Bipin Ganatra: India 'fire chaser' awarded

Bipin Ganotra Image copyright Ronny Sen
Image caption Bipin Ganatra is not a professional fireman

Bipin Ganatra, a volunteer fire-fighter who was featured in a BBC series from India last year, has been given a prestigious government award.

Mr Ganatra has been awarded the Padma Shri, the fourth highest civilian award for "rescuing people whenever there is fire, often putting himself in danger".

He told the BBC that he "just wanted to continue doing my work" in the eastern city of Kolkata.

Mr Ganatra has attended more than 100 fires over four decades.

The 60-year-old was featured in Unsung Indians, a BBC series on people working to improve the lives of others.

Image copyright @Frank Noronha

A school dropout who worked odd jobs before becoming a volunteer fireman, Mr Ganatra has doused flames, rescued people and cleaned up debris.

He has been described as a "fire-chaser": he hunts fires by watching news on his TV all day and night.

Whenever news breaks of a blaze, he calls up the fire brigade headquarters, gets into a taxi and goes to the site.

"I am an ordinary person and am completely overwhelmed by the news. I don't want to make it a big issue. I just want to continue doing my work," Mr Ganatra told the BBC on Thursday.

"I worry whether I will be able to honour the award. It is such a big responsibility".

There were more than 1,600 fires in Kolkata in 2015, leaving 143 people dead and 974 injured.

Image copyright Ronny Sen
Image caption Mr Ganatra has attended to more than 100 fires
Image copyright AFP
Image caption There were more than 1,600 fires in Kolkata in 2015

The city's 1,258 firemen are among the most overworked in India. Mr Ganatra is also seldom out of work - he has attended as many as three fires in a single day.

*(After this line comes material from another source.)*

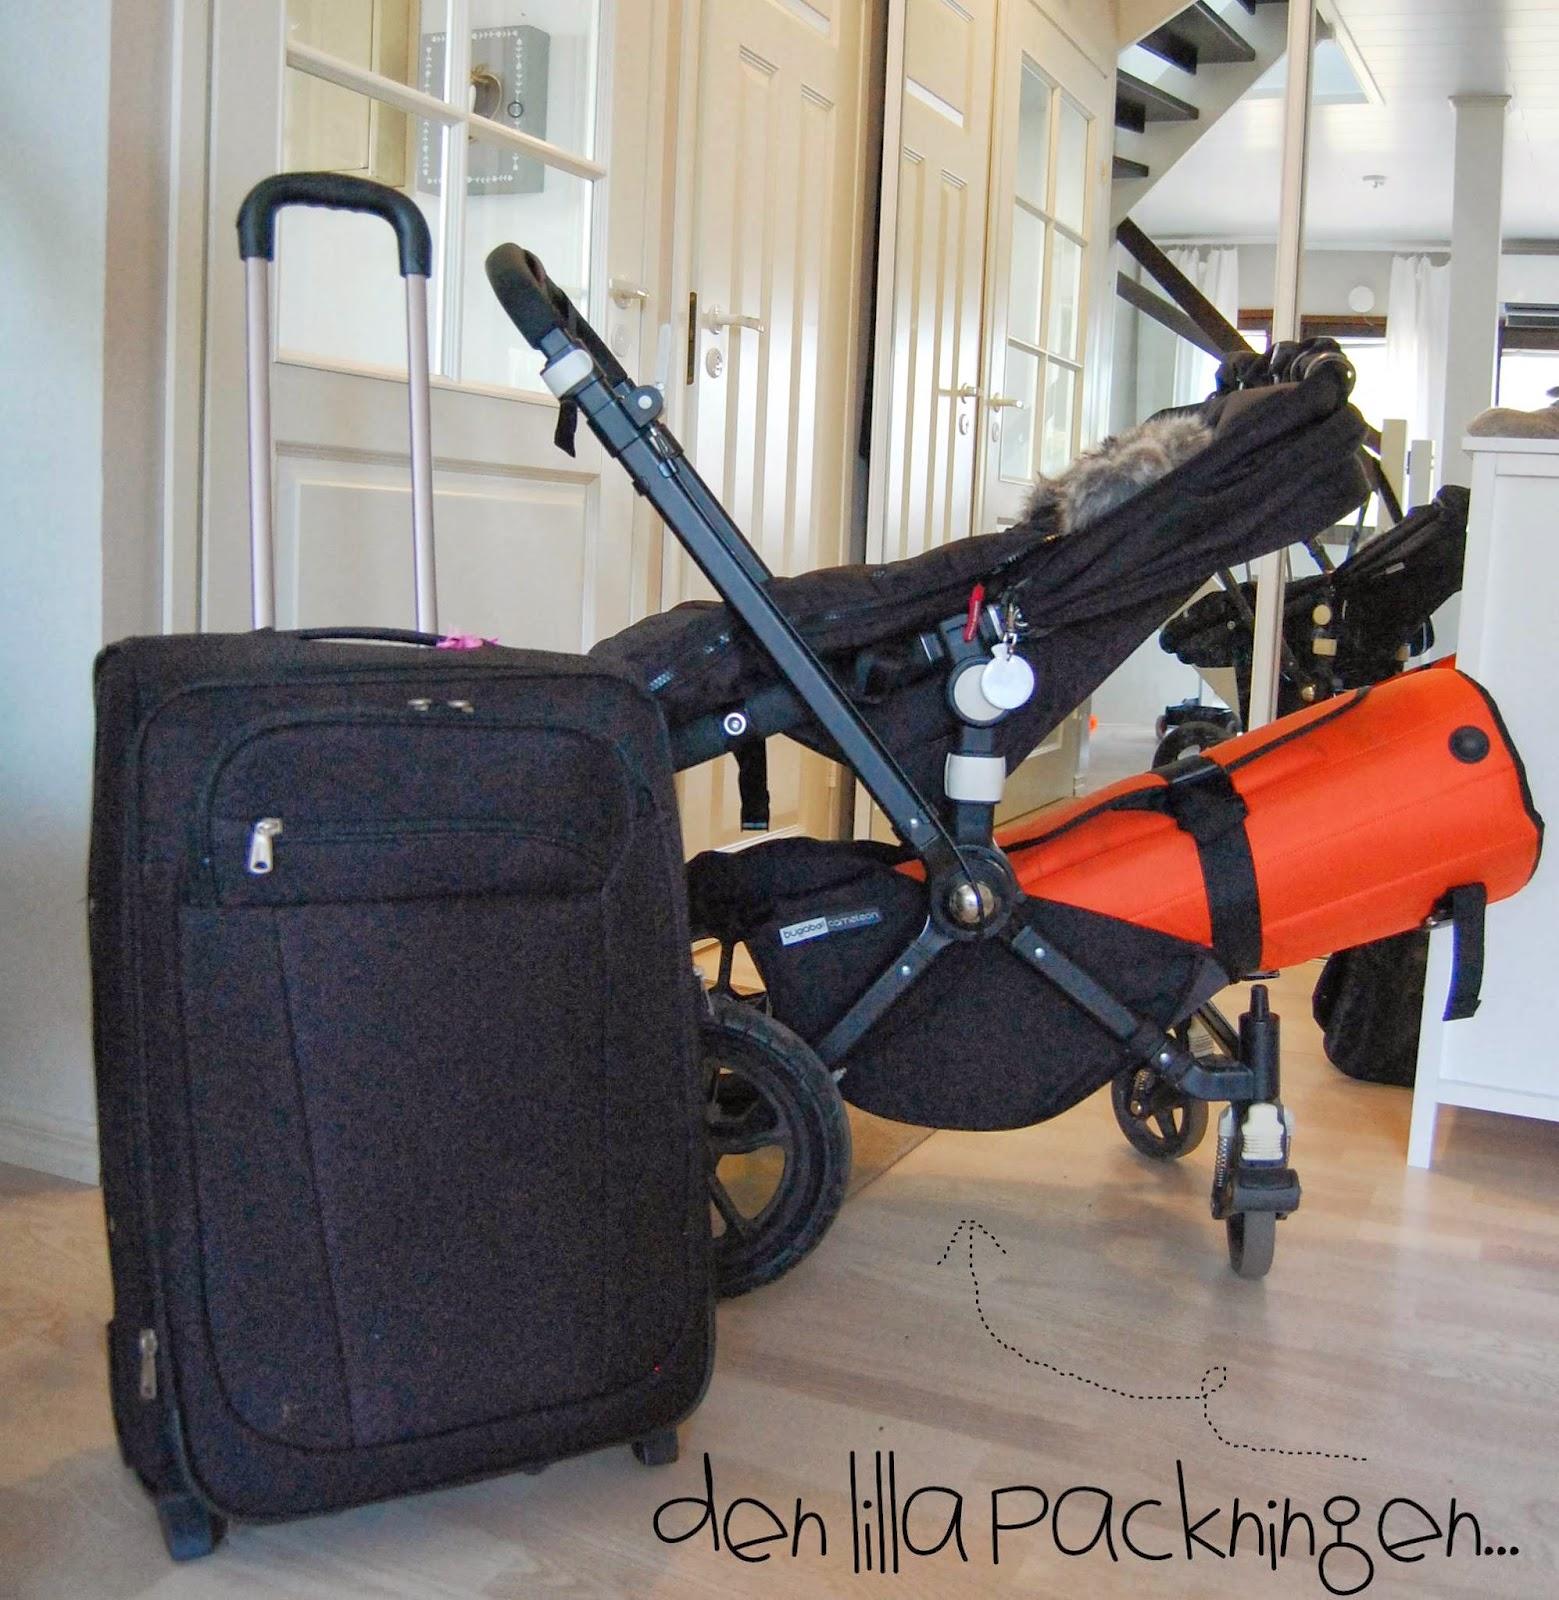 Handväska Och Handbagage : Lilla hanna i stora v?rlden rese stressarn h?r hej
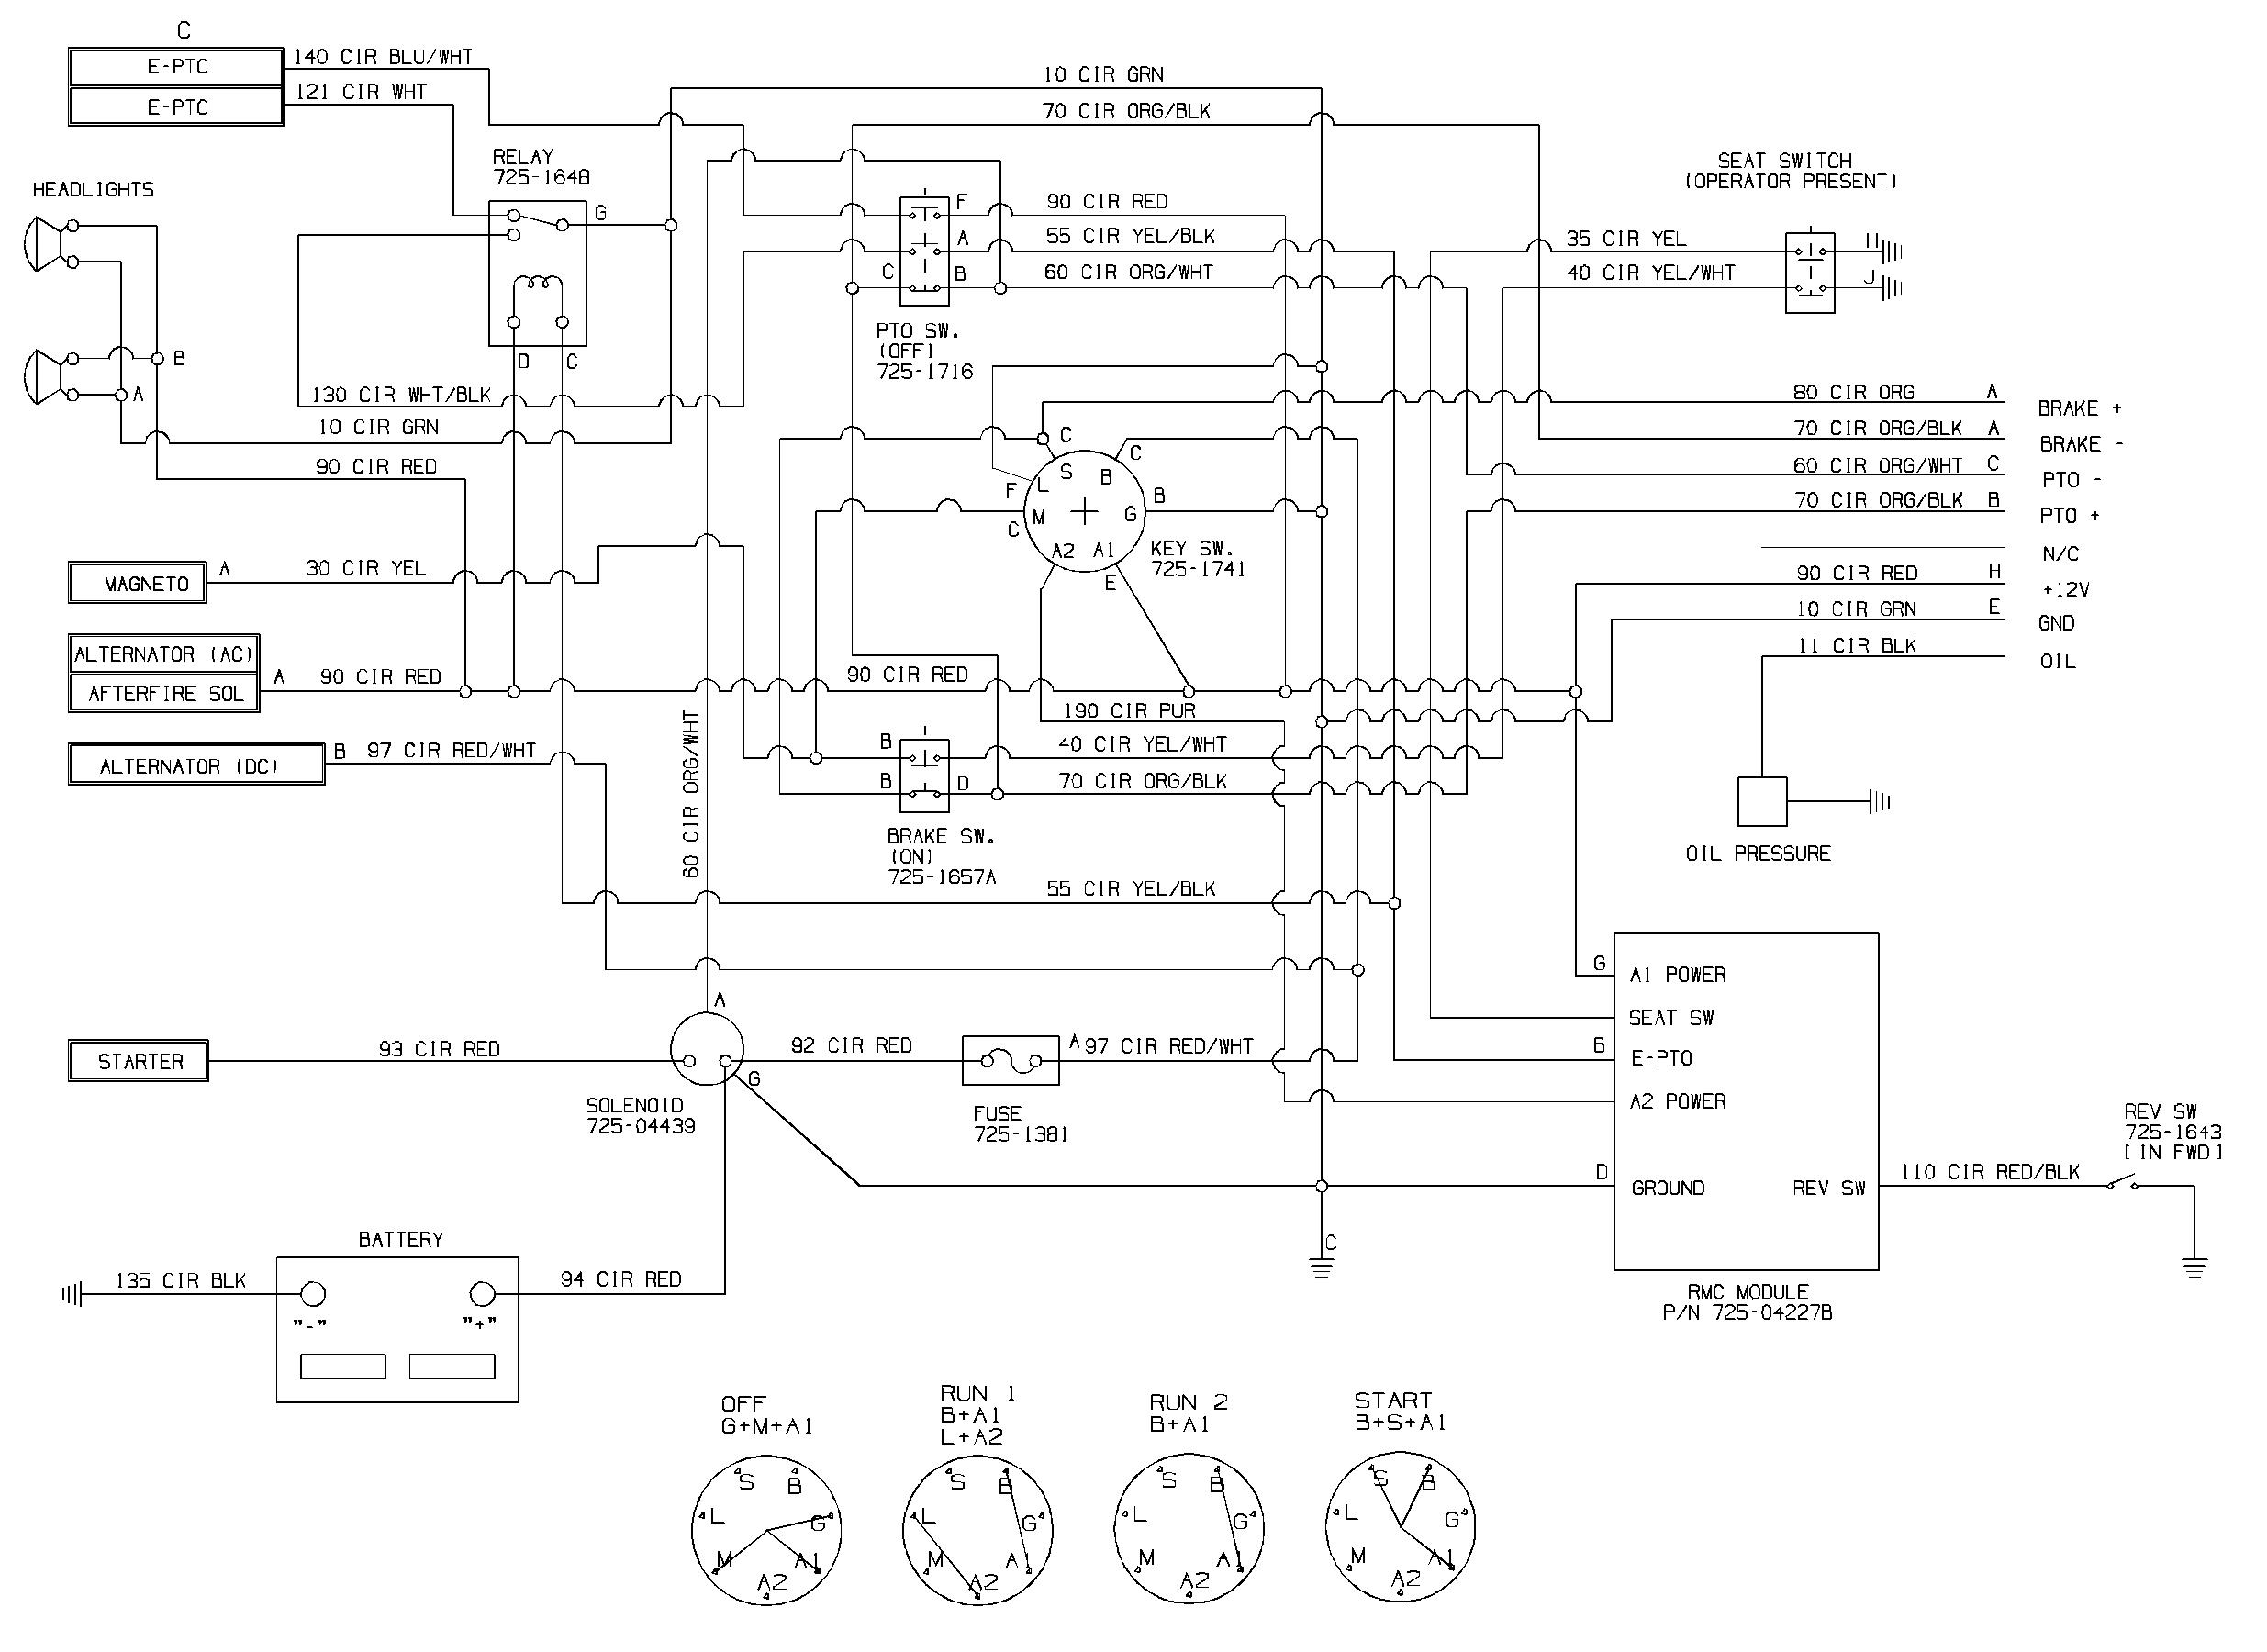 cub cadet 1450 wiring diagram cub cadet ignition switch diagram wiring site resource  cub cadet ignition switch diagram

Earlier this week, Mr Ganatra entered a burning warehouse in central Kolkata through an entry in the ceiling and helped remove plastic goods stored there.

"He's a very spirited and brave man. For someone who has no formal knowledge of fire-fighting, he does a very good job. He is like a guide to our firemen, and he uses our equipment. He works almost like a professional now," a senior fire service official told the BBC last year.